MainViewModel.kt Sample Code
private val _experience = MutableLiveData<String>()
val experience : LiveData<String>
get() = _experience
private val _name = MutableLiveData<String>()
val name : LiveData<String>
get() = _name
private val _isLoggedIn = MutableLiveData<Boolean>()
val isLoggedIn : LiveData<Boolean>
get() = _isLoggedIn
fun setName(name: String){
_name.value = name
}
fun setExperience(exp: String){
_experience.value = exp
}
fun logIn(){
_isLoggedIn.value = true
}
MyFragment
binding.btnSubmit.setOnClickListener {
val name = binding.etName.text.toString()
val email = binding.etEmail.text.toString()
val age = binding.etAge.text.toString()
val org = binding.etOrg.text.toString()
//saving in viewmodel
mainViewModel.setName(name)
mainViewModel.setCurrentOrganisation(org)
mainViewModel.setEmail(email)
mainViewModel.setAge(Integer.valueOf(age))
//saving in sharedpreference
editor.putInt("age", Integer.valueOf(age))
editor.putString("name", name)
editor.putString("email", email)
editor.putString("org", org)
}
To me, My fragment looks a lot of lines of codes. I don't know if i am using the right approach.

The ViewModel is meant to sit between your View layer (the UI) and the Data layer (the core app functionality, stored data etc). A ViewModel acts as a go-between, passing data to the UI for display, and translating UI events to function calls in the app.
The ViewModel's state is transient - in Android it sticks around long enough to survive things like Activity recreation. If you use the SavedStateHandle component, you can store its running state so it can be rebuilt if the app is destroyed in the background - but this explicitly won't survive the app being closed and restarted. The ViewModel isn't about persisting data, just about the current, temporary state of things.
So actually storing your data is part of the data layer. That's where the SharedPreferences comes in - but you could be storing (and reading) data using all kinds of storage, even across a network. The ViewModel's role is to access that data, and expose it to the UI somehow - possibly even transforming that data into a more suitable form for the UI to consume.
So while you might have duplication going on, there's a reason for it.
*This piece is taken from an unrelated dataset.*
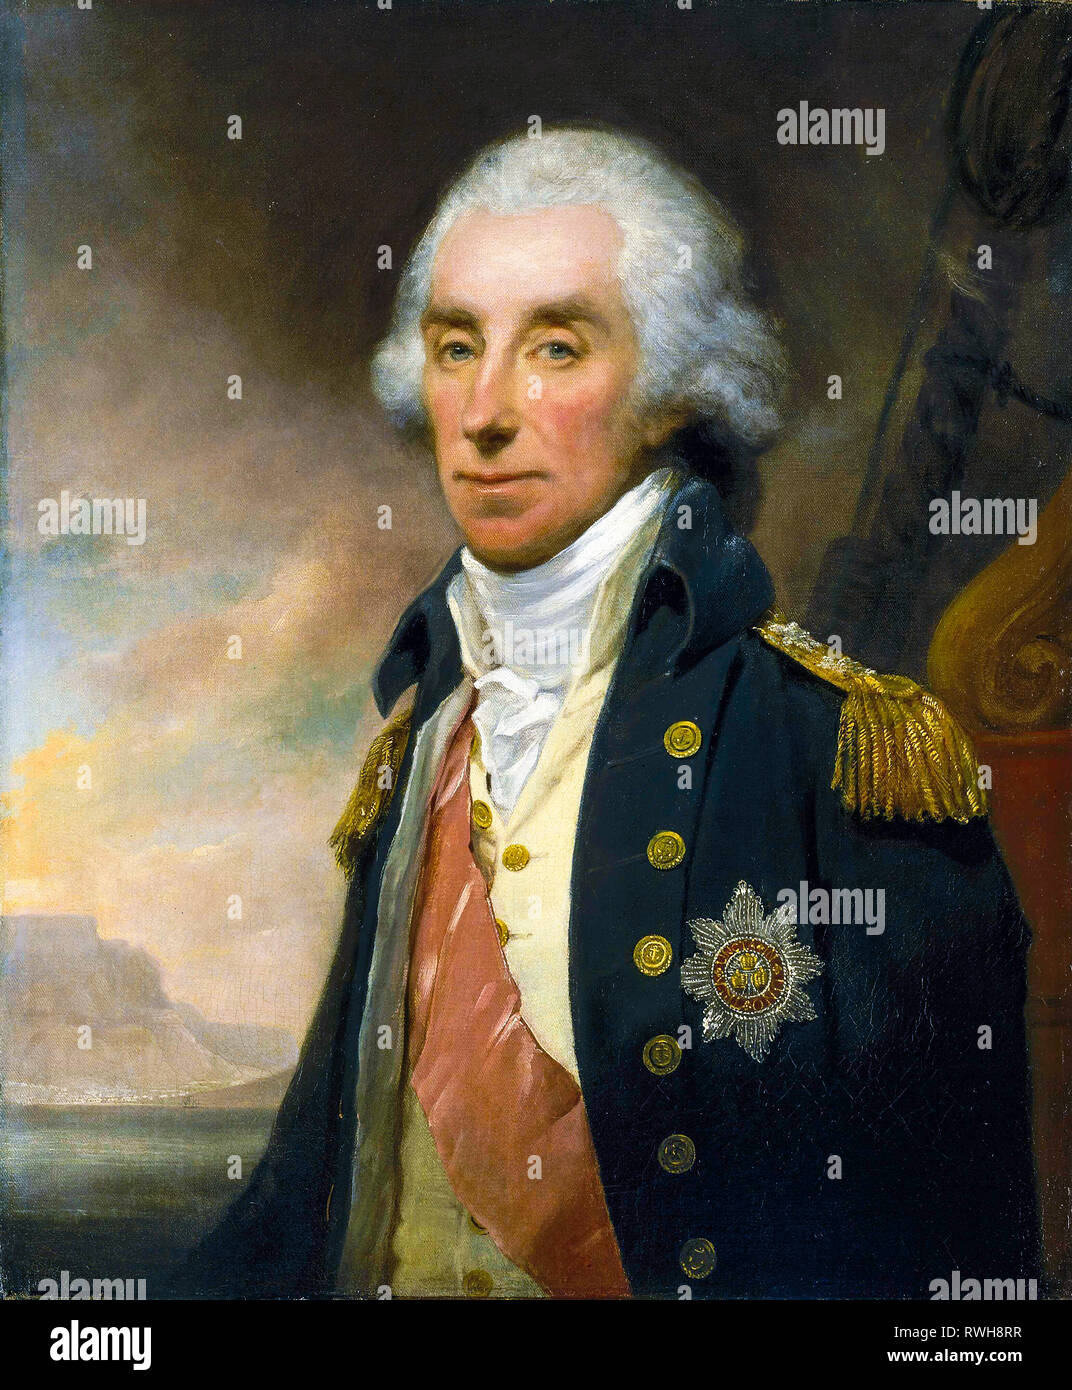 L'amiral Lord George Keith Elphinstone, 1er vicomte Keith (1746-1823), portrait peinture, c. 1799 par William Owen Banque D'Images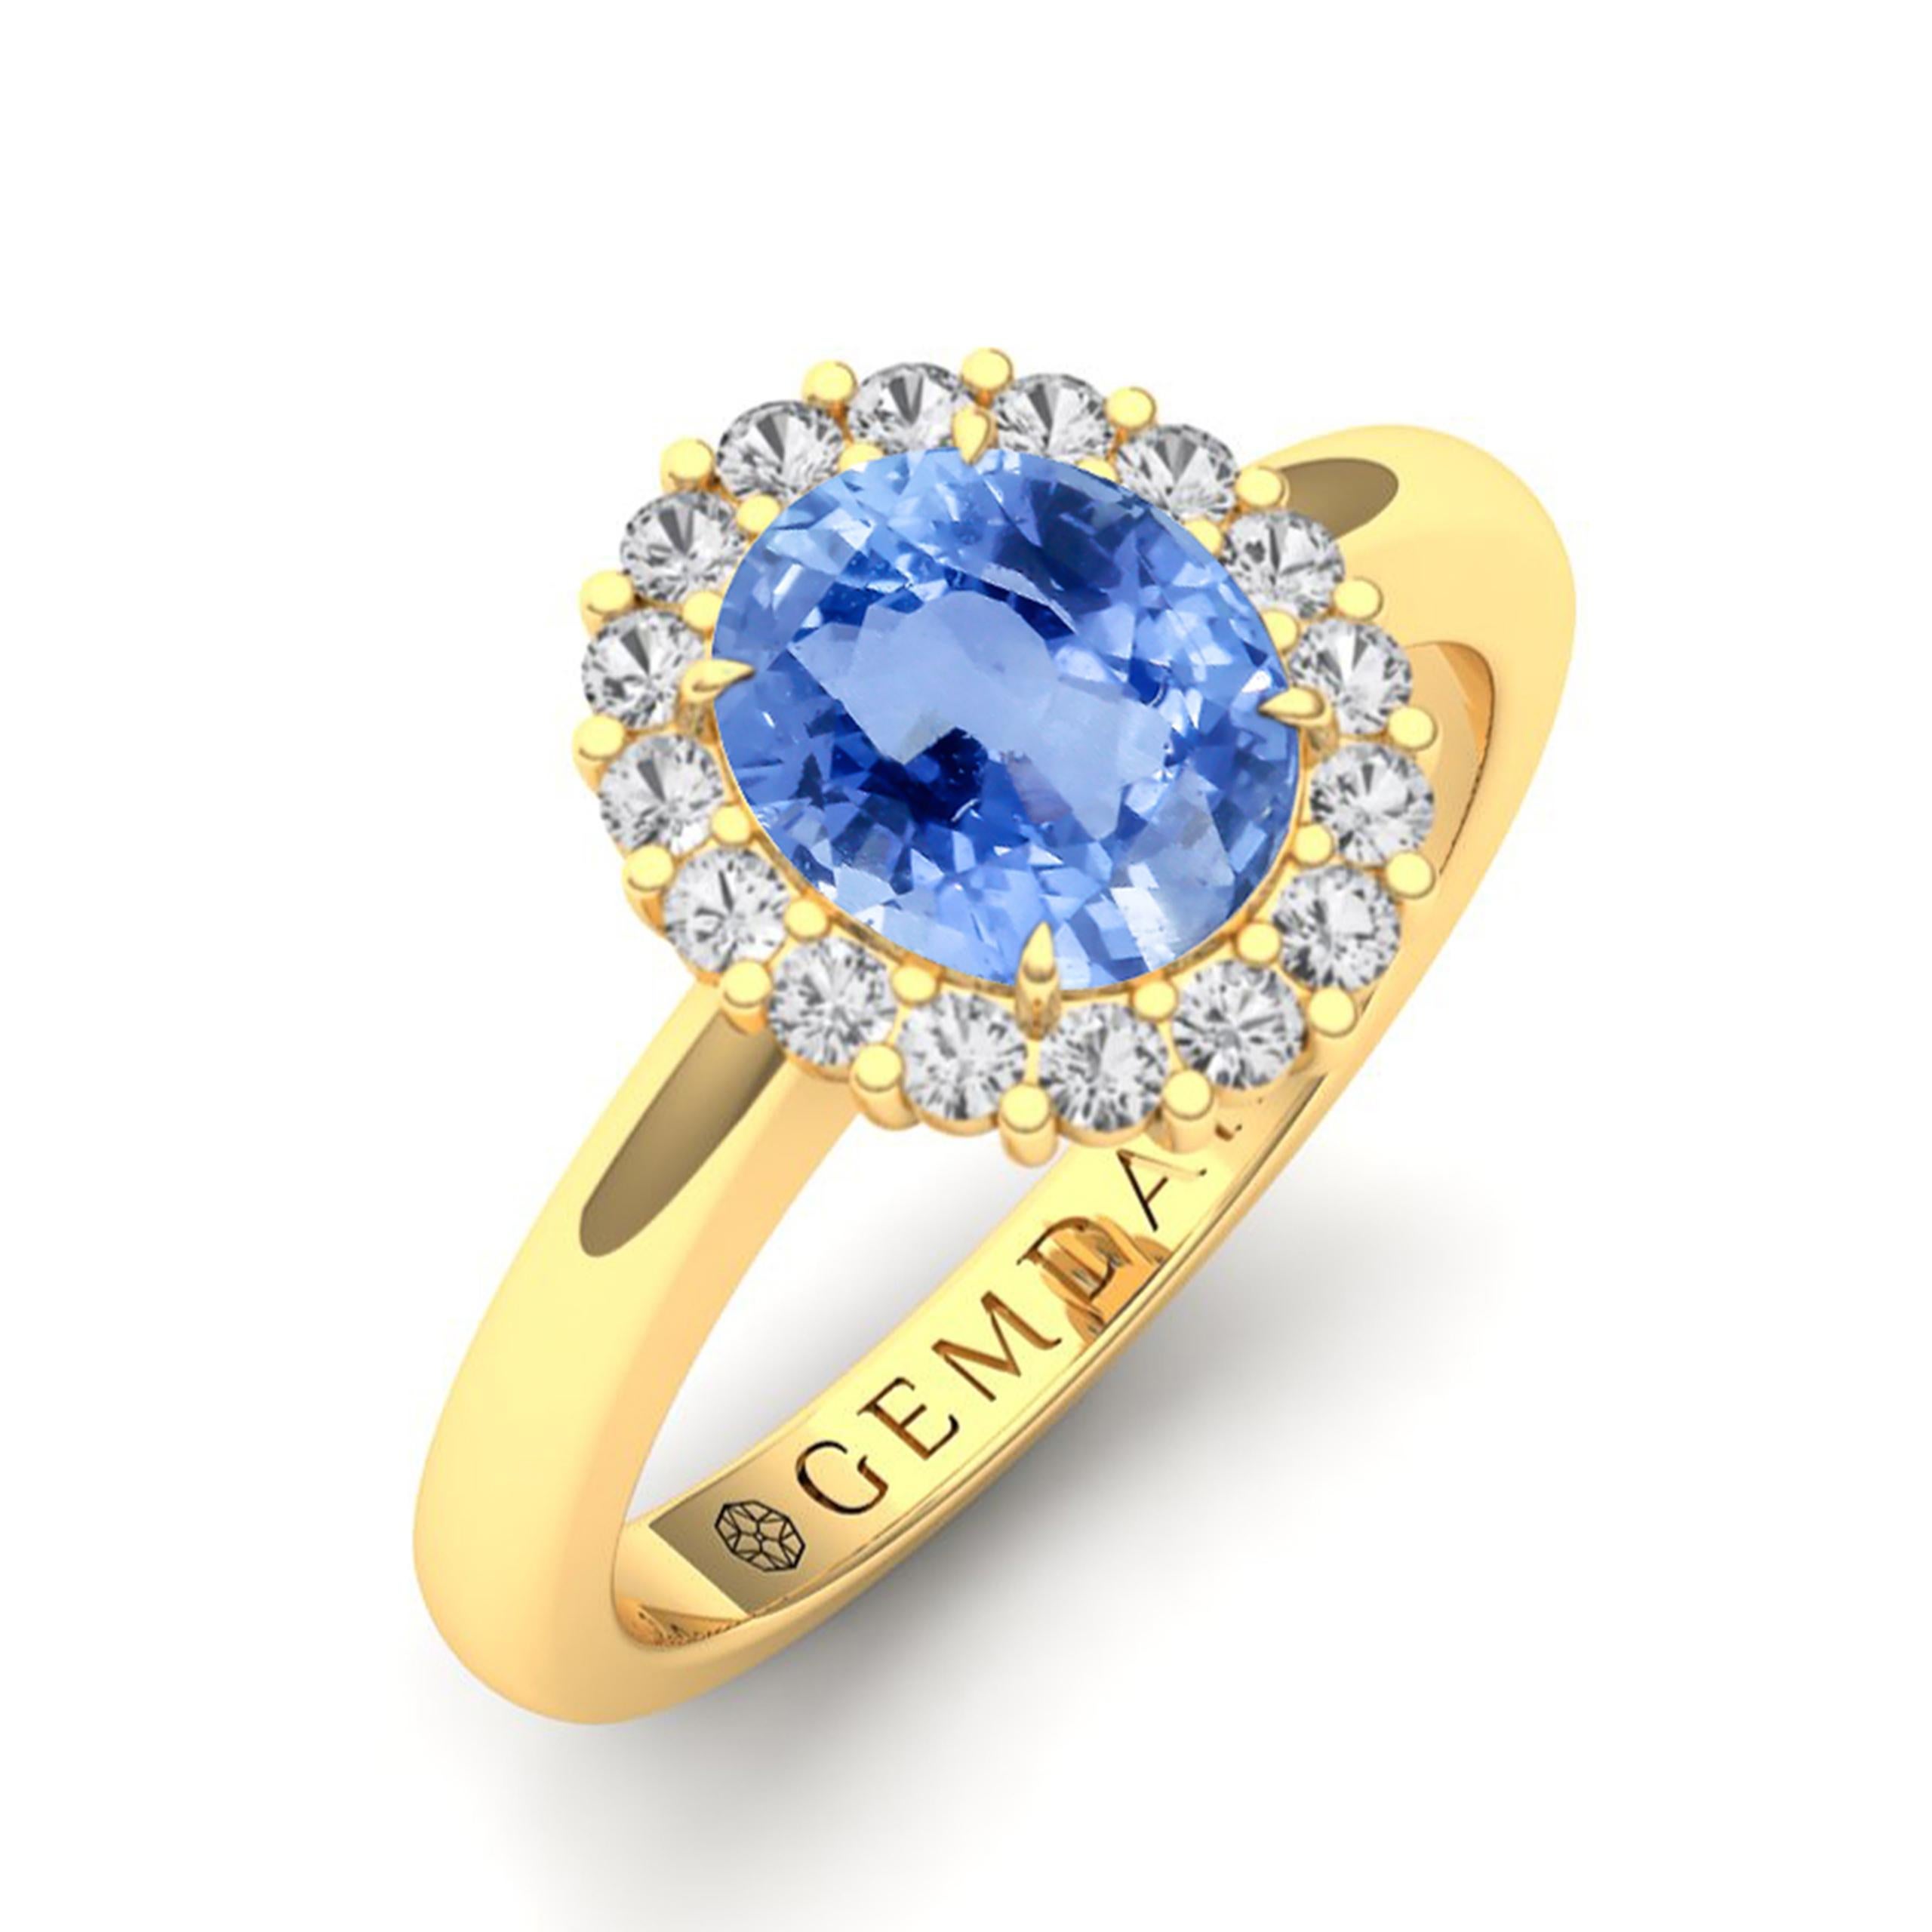 Unser maßgefertigter Ring mit einem unbehandelten blauen Ceylon-Saphir mit einem Gewicht von 2,12 Karat wird Sie mit seiner Raffinesse begeistern. Der lebhafte pastellblaue Farbton wird durch konfliktfreie Diamanten akzentuiert, die alle in

SharedPreferences is there to actually store and persist the data. LiveData is just there for the UI to see what it should be displaying. They may or may not be the same thing!
Have a look at this Android guide on designing your app architecture - it goes into the theory behind how you organise things, and how the data flow works. You don't necessarily need to follow all of it, but the broad strokes are good to know - that way if you want to deviate from that for simplicity in a particular situation, you'll know why you're doing it and what compromises you're making (and whether they matter in this case).
For your data update... there's two ways you can go about it. One is to make the ViewModel (gonna say VM for brevity) update the data layer, and then have the data layer push new data to the VM, which the VM displays in its LiveData. This is the kind of thing you do when you're using observable queries with a database, where updates to a table push new data to the observer.
All the VM has to worry about is pushing data to the data layer (e.g. calling a delete item function). When the data changes, it's pushed to the observing VM, which just displays the data as usual (e.g. setting it on a LiveData), which causes the UI to get an update and display the new state... So instead of the VM getting the delete event, and having to worry about updating its own internal state, it just passes the delete request to the data layer. Then the new state arrives later, and the VM just uses that - a new list, whatever. The data layer tells the view model what to display, in the same way the VM tells the UI what to display.
(It might not be worth the effort writing a thing that updates the SharedPreferences and then tells the VM to display that data, so you could just do all this in the VM as a kind of combination of VM and data layer - but it helps to know why you're doing it, what it's a shortcut for, y'know?)
As for the "lots of LiveData objects" bit, have a look at this section on UI State. Basically, the officially recommended approach is that the the UI's state as a whole is pushed by the VM. So instead of separate LiveData objects for each property (name, age etc) you'd have a single object that contains that data, and a LiveData that pushes that. Whenever something about that data changes, you push a new instance of that data object. (Data classes can help here, with their copy functions that let you change specific values and keep the rest)
So your UI just observes that one state LiveData, and wires it up to the UI components - your TextViews, CheckBoxes etc. The approach they're talking about isn't just data - it's also UI state, which may not be what you're storing in your actual data layer (e.g. if a particular section is expanded, or if some list items are checked for a potential delete operation). Exactly how much you want to encapsulate in one object is up to you - but pushing your actual data in a single data structure isn't a bad idea!
Sorry that was a bit long, but hopefully it helps a bit

Related

Should Kotlin Flows be used when passing a single object to ViewModel in Android?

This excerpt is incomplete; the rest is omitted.